GUTSY
Gutsy, data, and you

Platform Infrastructure & Data Security Overview

Last Updated: May 1, 2026

Here's how Gutsy protects the privacy, integrity, and security of company information, using industry-standard tools and certified providers, to ensure that client data stays private, encrypted, and is never used to train AI models.

Security Safeguards

No AI Model Training on Client Data:

Your content is never used to train AI systems (Claude, ChatGPT, Gemini, and Perplexity).

Encrypted Data Everywhere:

Data is encrypted in transit and at rest using TLS 1.2+ and AES-256 standards.

Transient AI Processing Only:

Inputs sent to AI models are not stored after response generation.

Access Control & Isolation:

Role-based access, project-level isolation, and signed JWTs prevent unauthorized data exposure.

What Marketers & Agencies Need to Know

  • Your user and company data stays in Canada (structured data, history)
  • No part of your content trains outside AI models
  • All inputs are encrypted and access-controlled
  • Your files and AI chats are private
  • Infrastructure partners are SOC 2 and ISO-certified

Data Residency & Processing Flow

Persistent User Data:

Stored in Canada Central (AWS) via Supabase.
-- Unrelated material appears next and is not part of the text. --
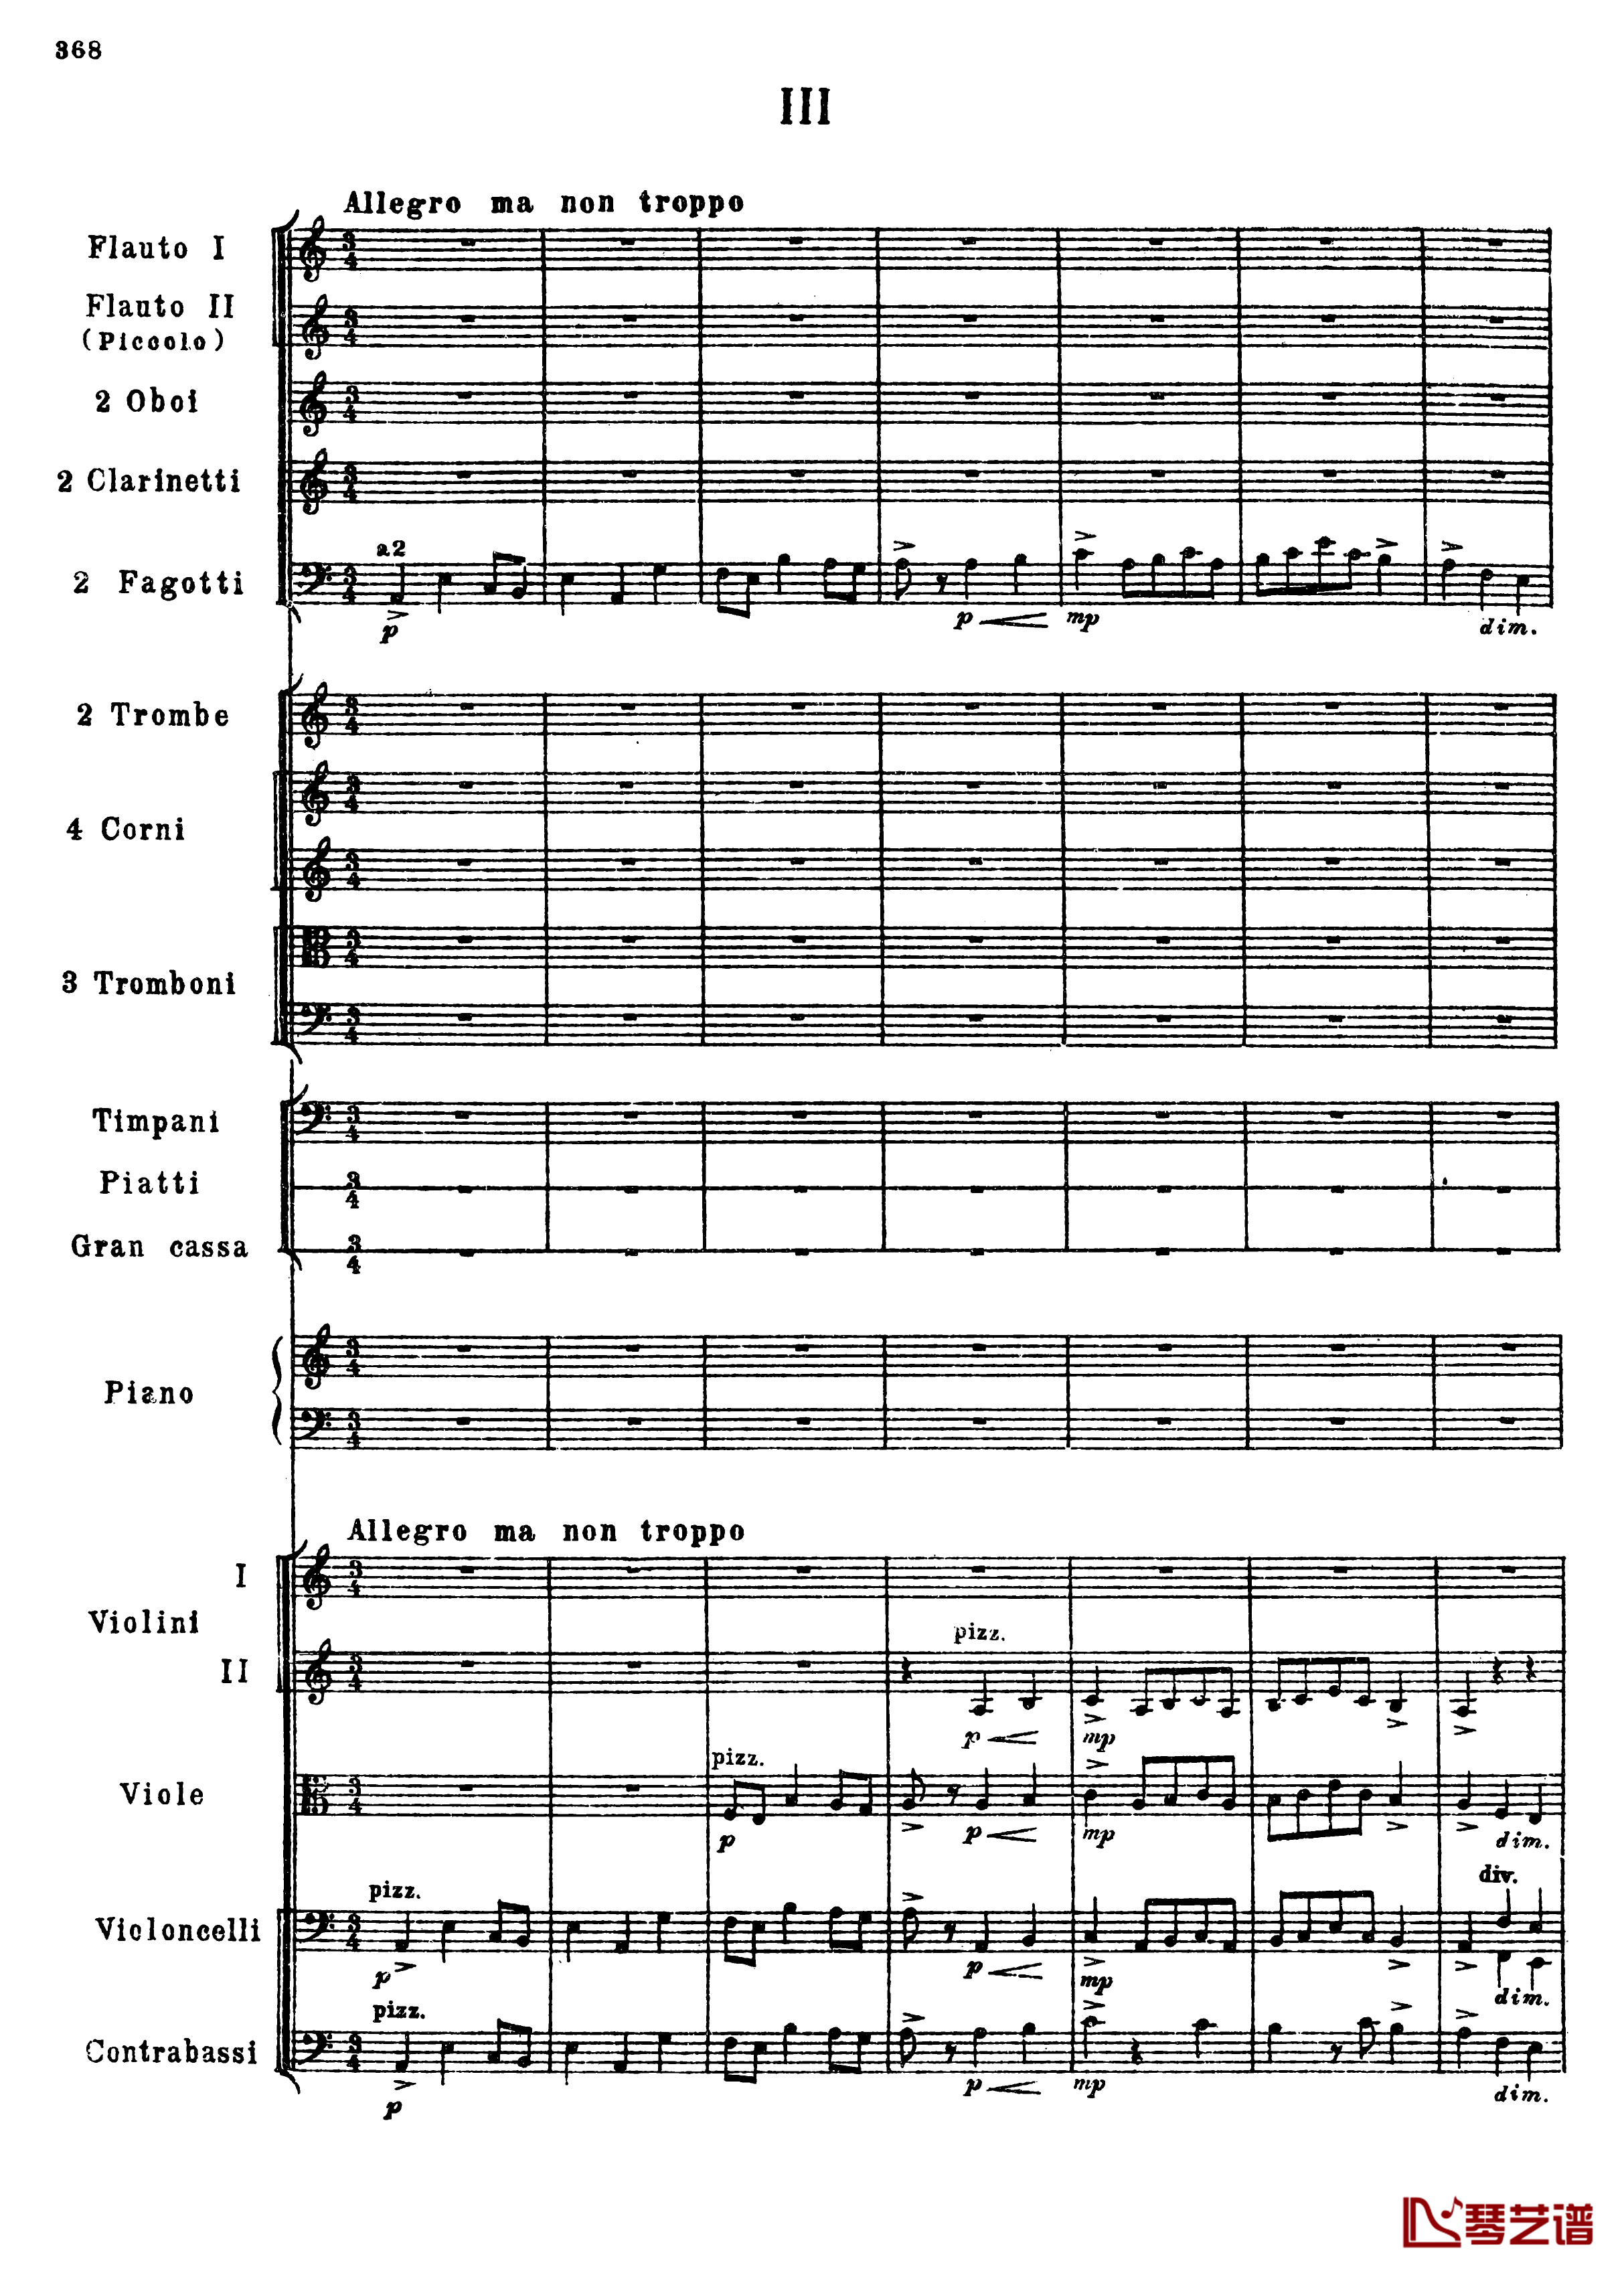 普罗科菲耶夫第三钢琴协奏曲钢琴谱-总谱-普罗科非耶夫100

Includes user accounts, project history, saved outputs, and structured research data. All data encrypted at rest (AES-256) and in transit (TLS 1.2+).

Application Logic:

Executed through Vercel (Washington D.C.). Handles routing, authentication, API orchestration, and serverless function execution.

AI & Search APIs (US-based, transient use only):

Inputs sent to API providers are processed transiently and never used for training.

  • ·Anthropic Claude
  • ·OpenAI ChatGPT
  • ·Google Gemini
  • ·Perplexity

File Uploads:

Stored in Vercel Blob Storage (Washington D.C.). Files are encrypted and access-controlled per project.

Certified Infrastructure Providers

Supabase (on AWS Canada Central):

Hosted in Canada Central region (PIPEDA-compliant). Benefits from AWS certifications: ISO 27001, ISO 27701, SOC 1, SOC 2, SOC 3, CSA STAR. Built-in Postgres database with row-level security (RLS).

Vercel:

SOC 2 Type II compliant. Per-deployment isolation, encrypted secrets, access-controlled environments.

AI Technology Providers:

  • ·Anthropic — SOC 2 Type II certified, no training on API data
  • ·OpenAI — SOC 2 Type II certified, enterprise data handling
  • ·Google — ISO 27001, SOC 2, no training on Workspace API data
  • ·Perplexity — Encrypted in transit, transient processing only

No training on API data. SOC 2 Type II certified. Data handling policies published and monitored.